Clovis library shooting survivors sue shooter’s family

New Mexico

CLOVIS, N.M. (KRQE) – Survivors of the deadly shooting rampage at the Clovis library are now suing the shooter’s family, claiming they could have prevented the tragedy.

The main claim? The teen’s dad made it way too easy for him to get his hands on a gun. The lawsuit also goes after Nathaniel Jouett’s psychologist, saying he should have done more to warn people about the high schooler’s behavior.

Noah and Alexis Molina were just 10 and 20 years old when Nathaniel Jouett opened fire inside the Clovis library two years ago.

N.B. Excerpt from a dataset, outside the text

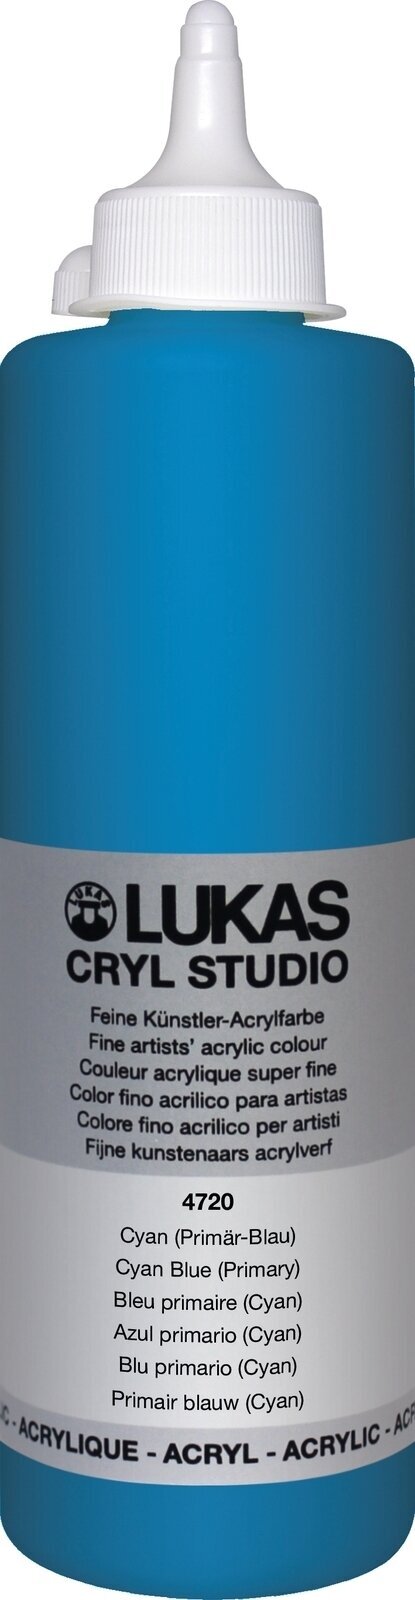 Peinture acrylique Lukas Cryl Studio Acrylic Paint Plastic Bottle Peinture acrylique Cyan Blue (Primary) 500 ml 1 pc

“He still struggles with the memory of being told to stay and pretend like he was dead so he wouldn’t get shot again, as his sister was shot laying on top of him shielding him,” says attorney Michael Sawicki.

Jouett, who was 16 at the time, was sentenced to life in prison for the shooting that left two librarians dead and four others wounded.

“There isn’t a day that goes by that I don’t think about each of you, and a night I don’t pray for you. I pray you find peace and start to heal,” Jouett said in court back in February.

Noah was shot once and Alexis four times. The family says the siblings are still trying to recover, and they believe the people closest to Jouett are also responsible for the crime.

“The family would have obviously known about his problems long before the shootings occurred,” Sawicki says.

Last week, the family filed a lawsuit against Jouett’s father, grandfather and psychologist. According to the lawsuit, Jouett’s father had a substantial amount of guns in his home, one that was a gift from the grandfather, and kept them in an unlocked safe.

“They’re your guns and it’s your family members. You need to take adequate steps to prevent them from gaining access to the guns, otherwise, they’ll be more tragedy like this,” says Sawicki.

Before the shooting, Jouett was seeing a psychologist for his suicidal thoughts. The suit claims the psychologist knew Jouett had access to weapons and was hearing voices but didn’t warn anyone.

“What we can’t understand is why more wasn’t done to prevent him from having access to firearms and the ability to harm other people?” Sawicki says.

KRQE News 13 tried contacting Jouett’s father, grandfather and psychologist for their side, but couldn’t reach any of them. With good time, Jouett will be eligible for parole in about 32 years.